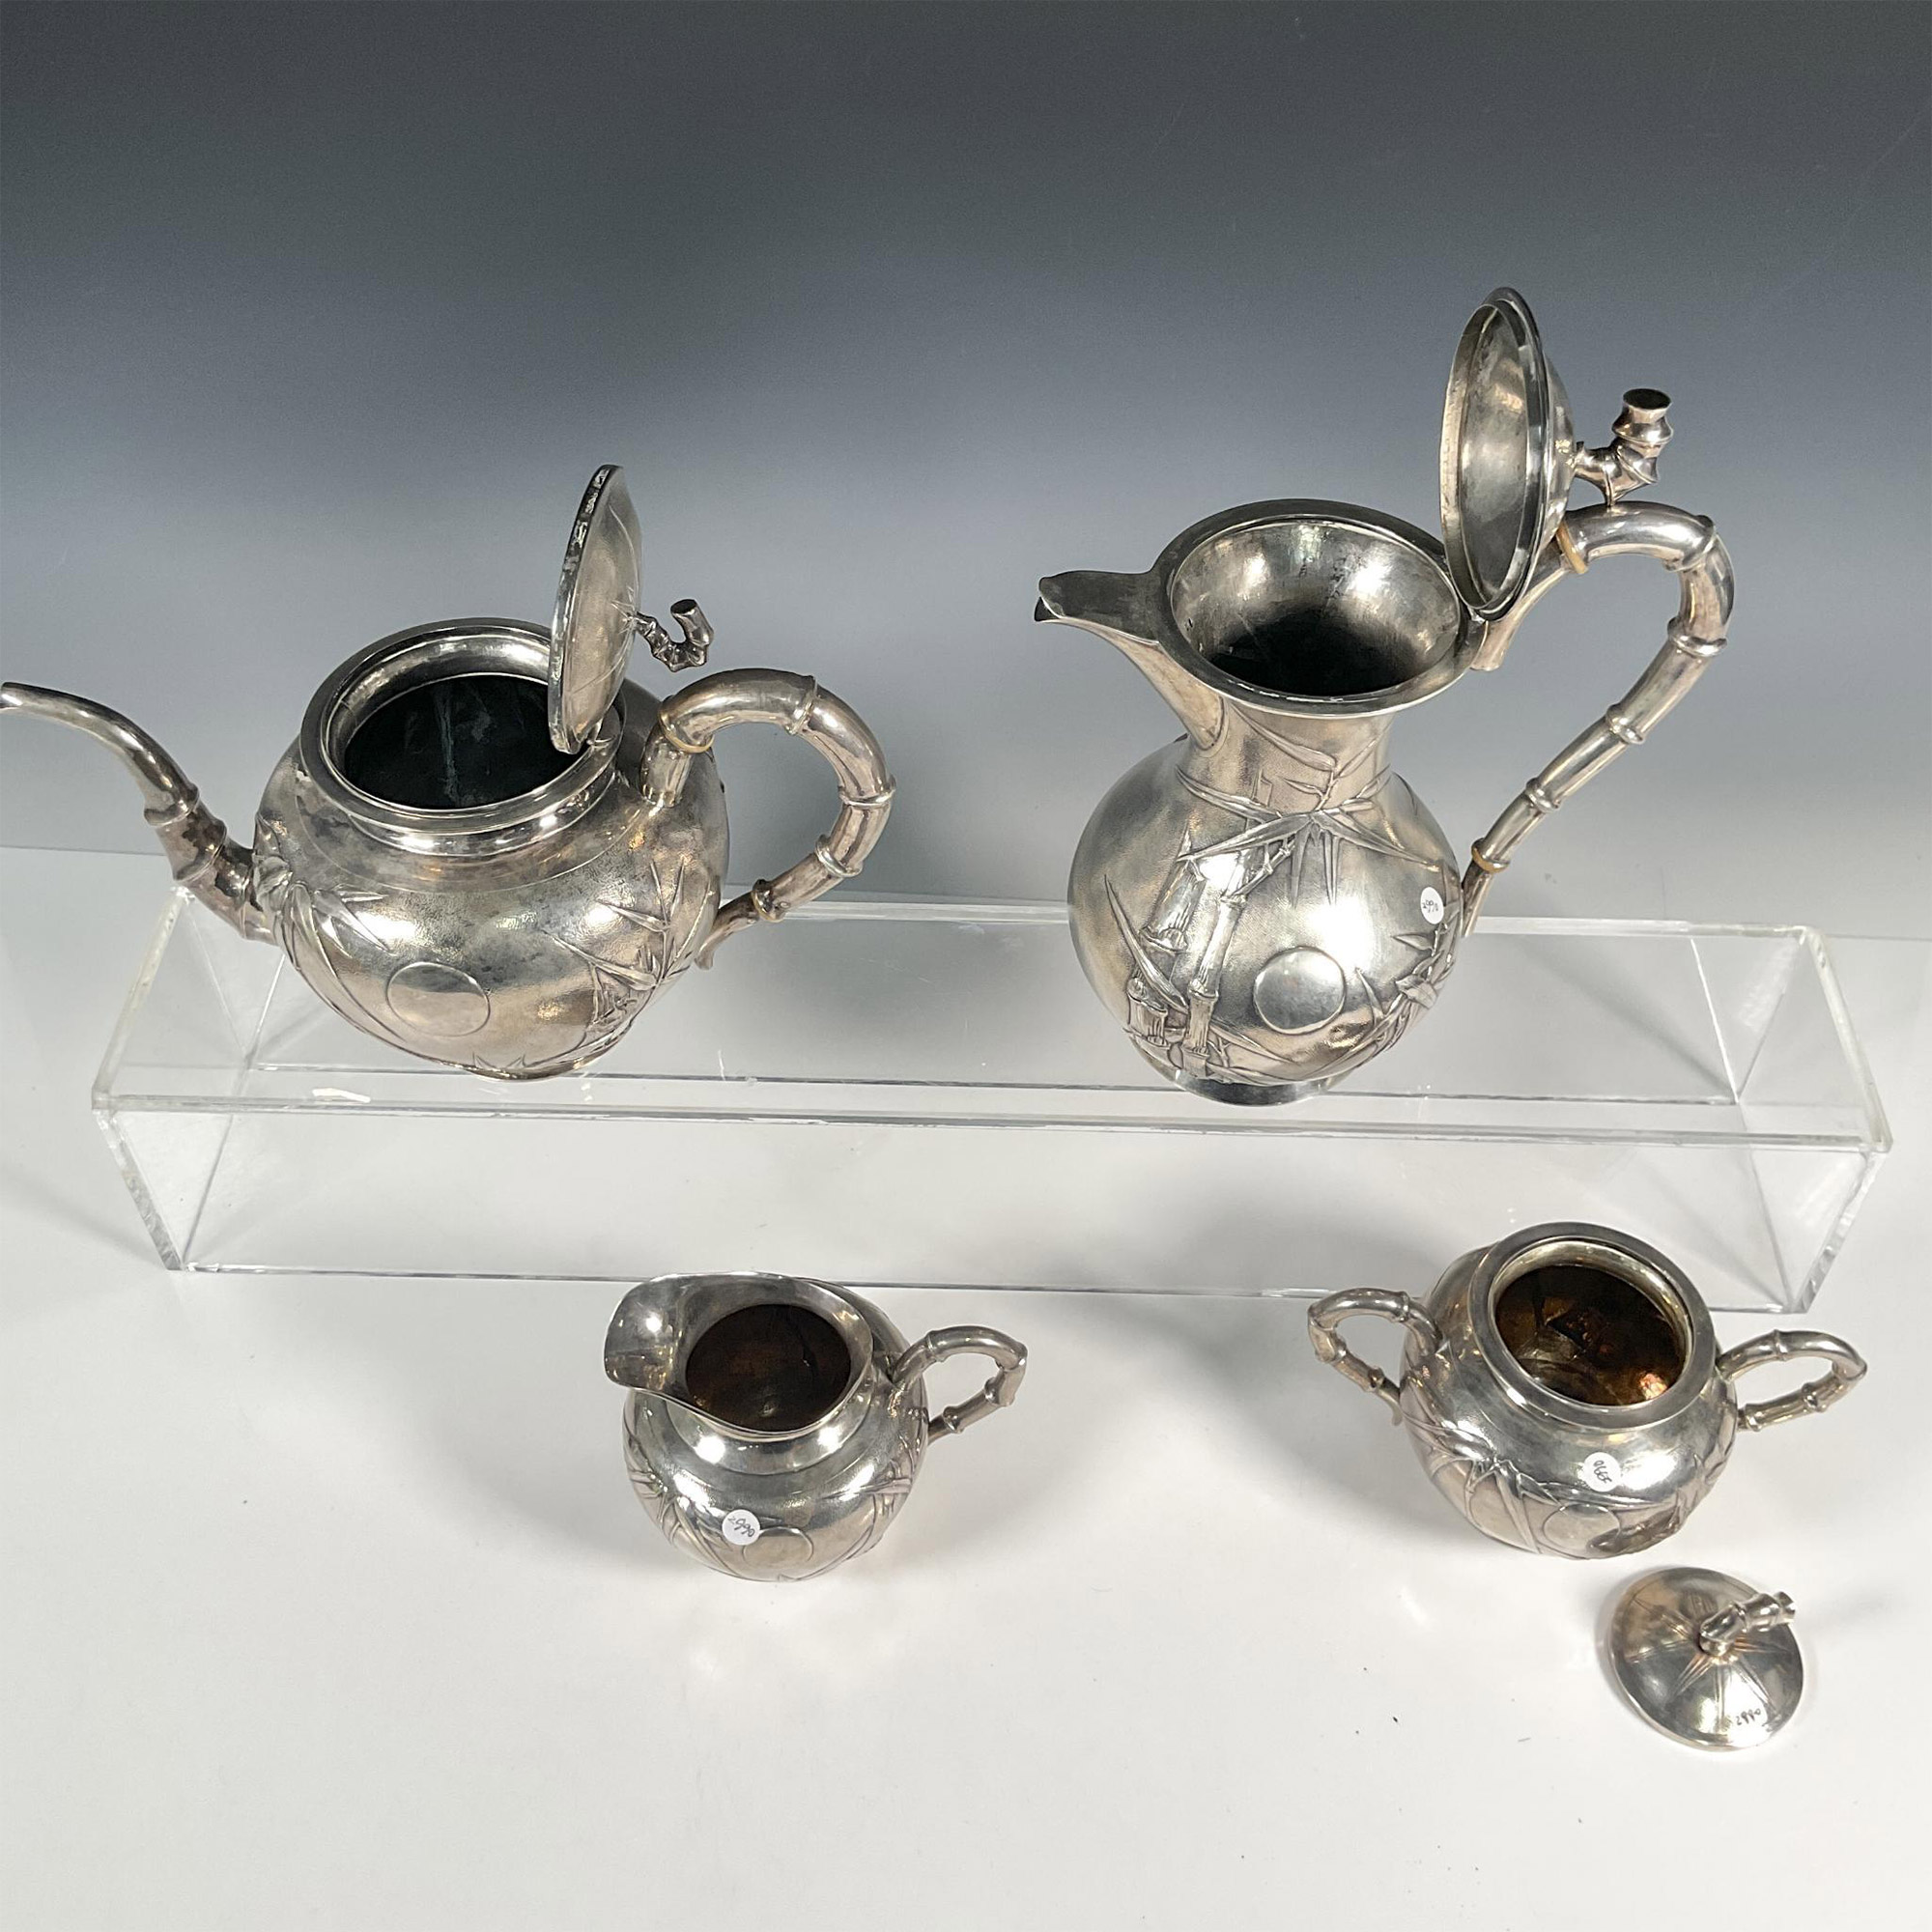 4pc Chinese Export Silver Tea and Coffee Service Set - Image 4 of 8
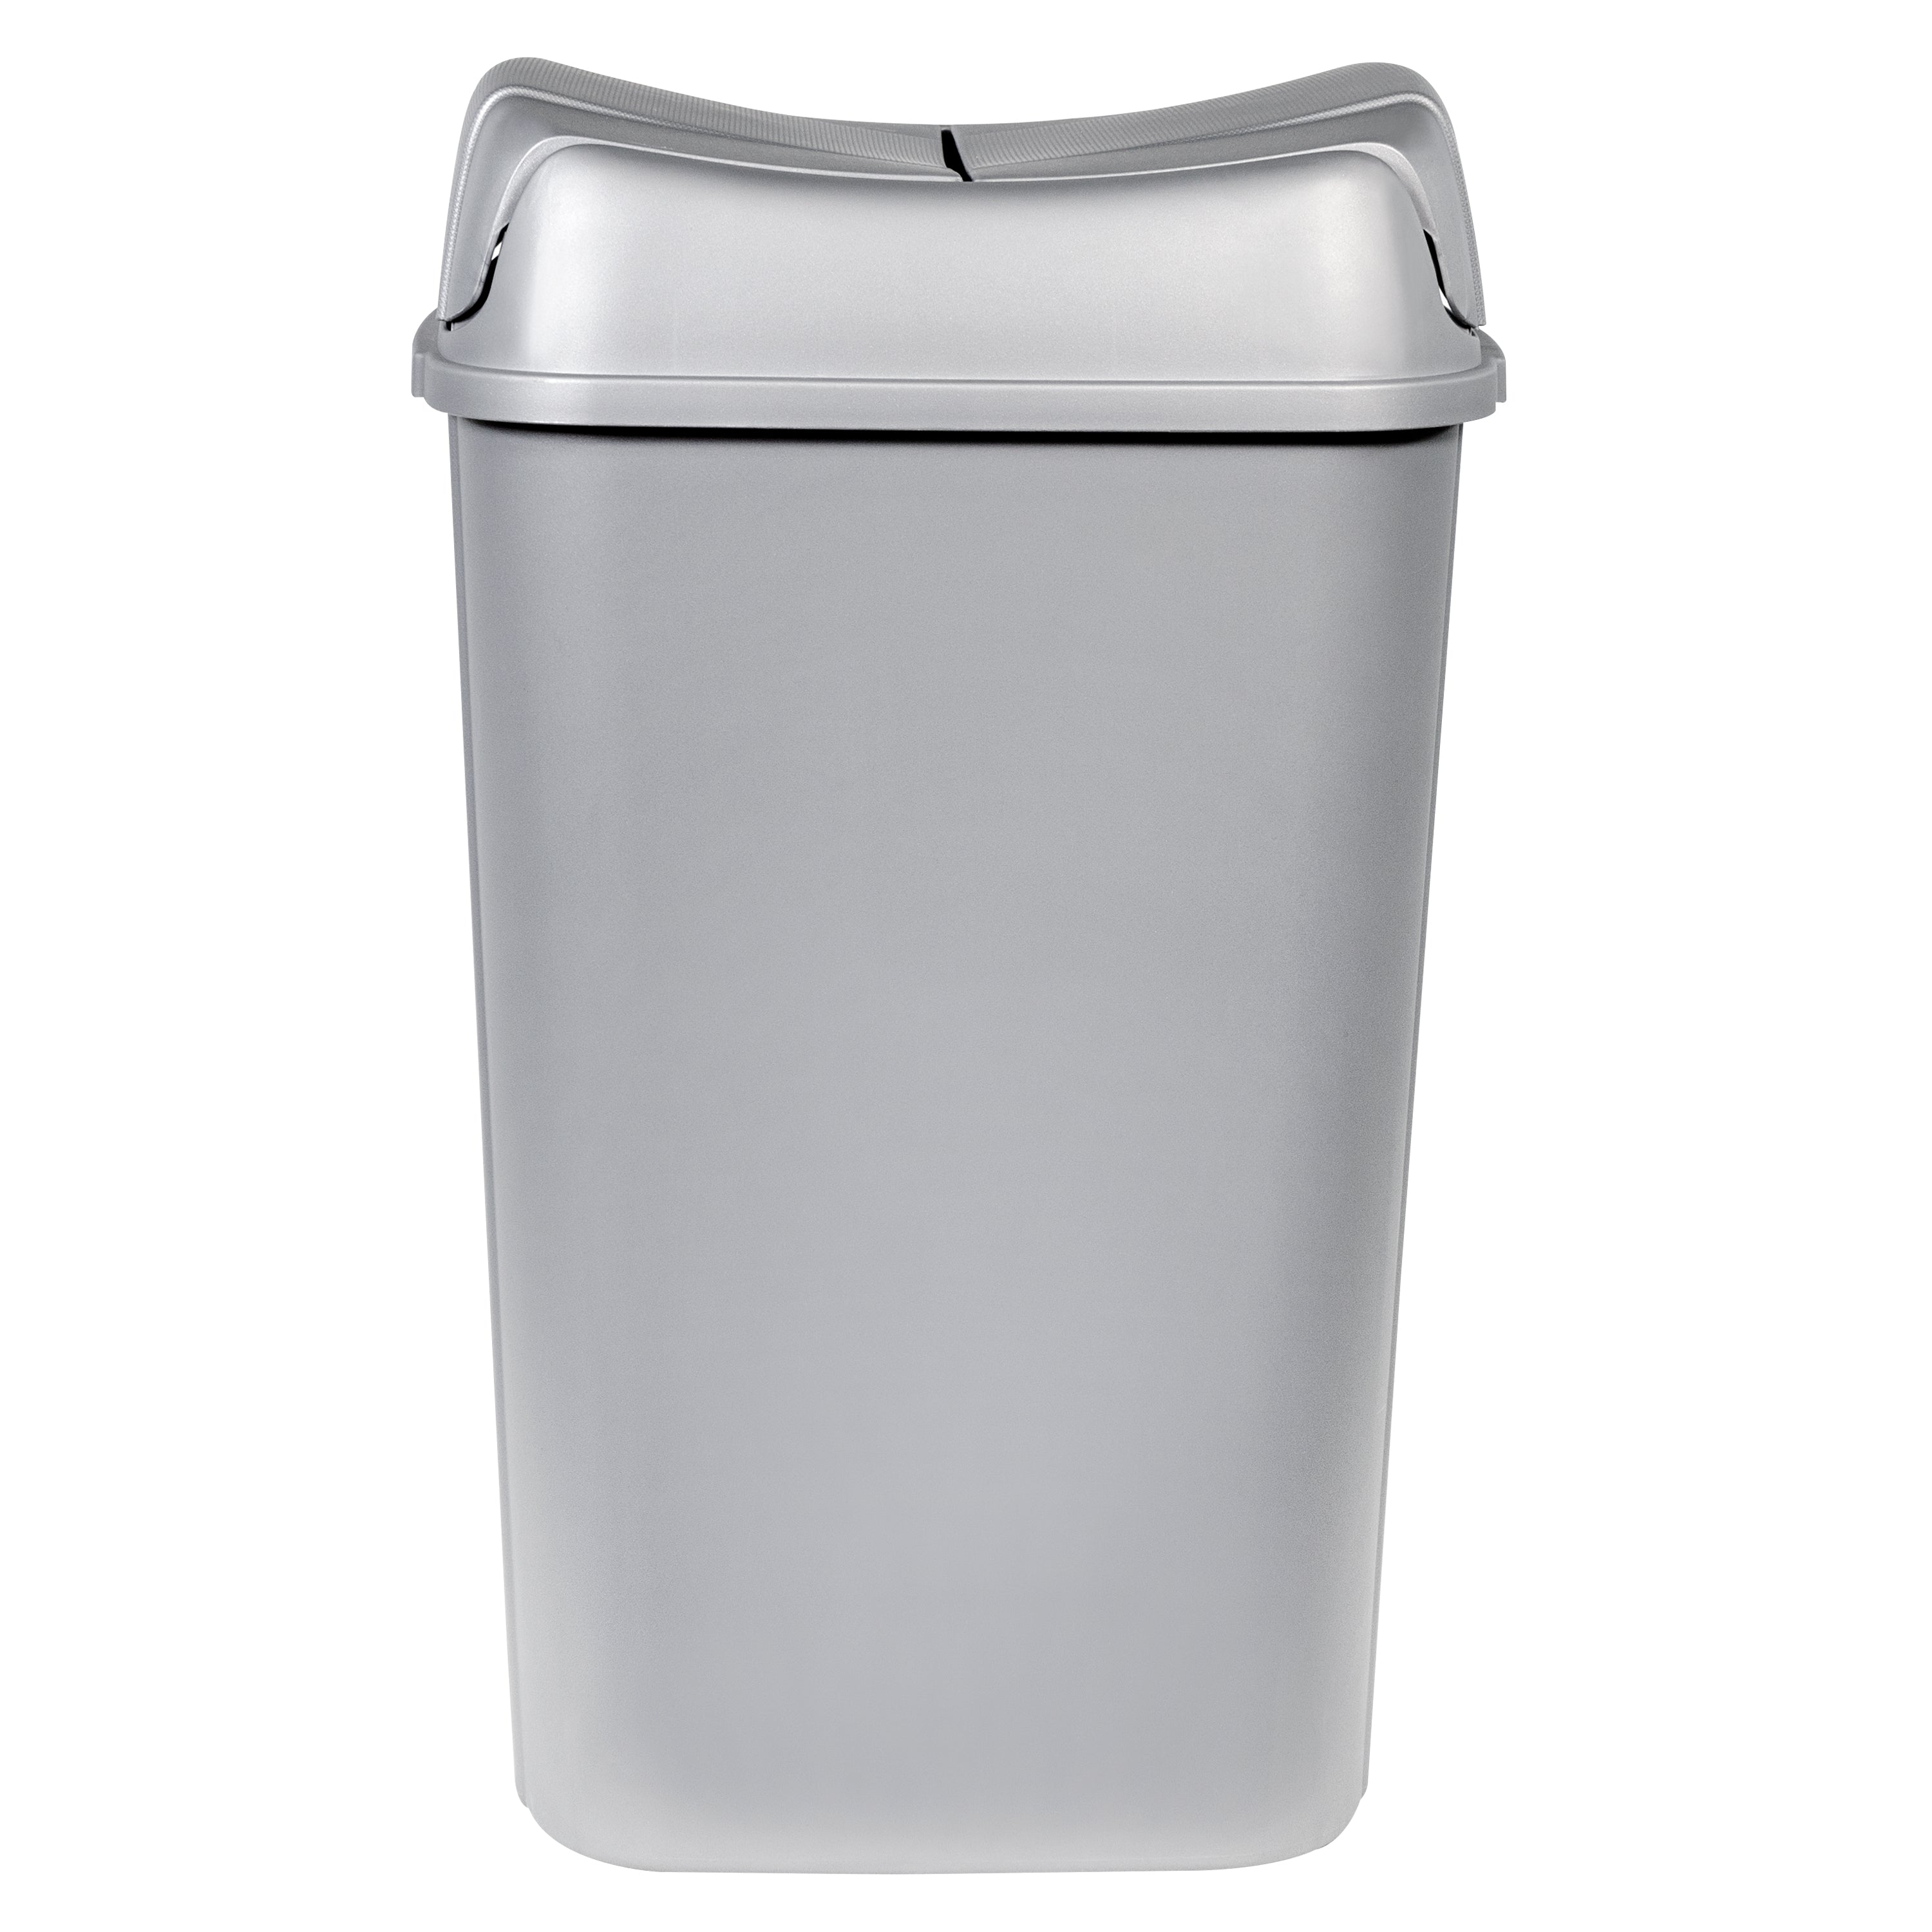 Hefty 13.3 Gallon Trash Can, Plastic Touch Top Kitchen Trash Can, White 
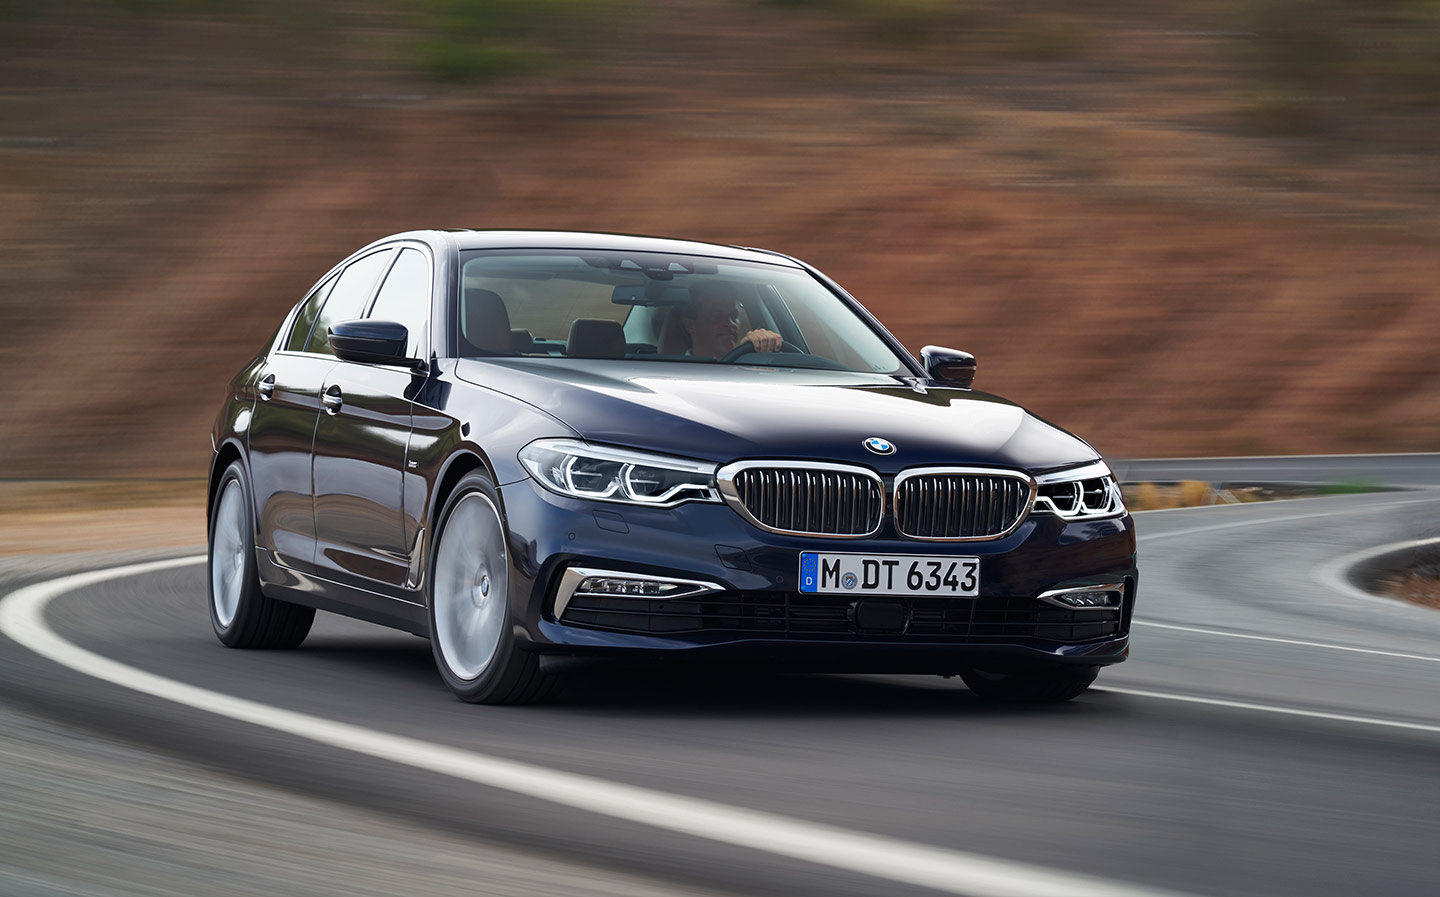 The Clarkson Review: 2017 BMW 5-series 530d (G30)

What the task asks: The lines from the one containing "Hefty 13.3 Gallon" to the end of the material must be output exactly, both ends included; no picture may appear.

Task response:
 Hefty 13.3 Gallon Trash Can, Plastic Touch Top Kitchen Trash Can, White 
 The Clarkson Review: 2017 BMW 5-series 530d (G30)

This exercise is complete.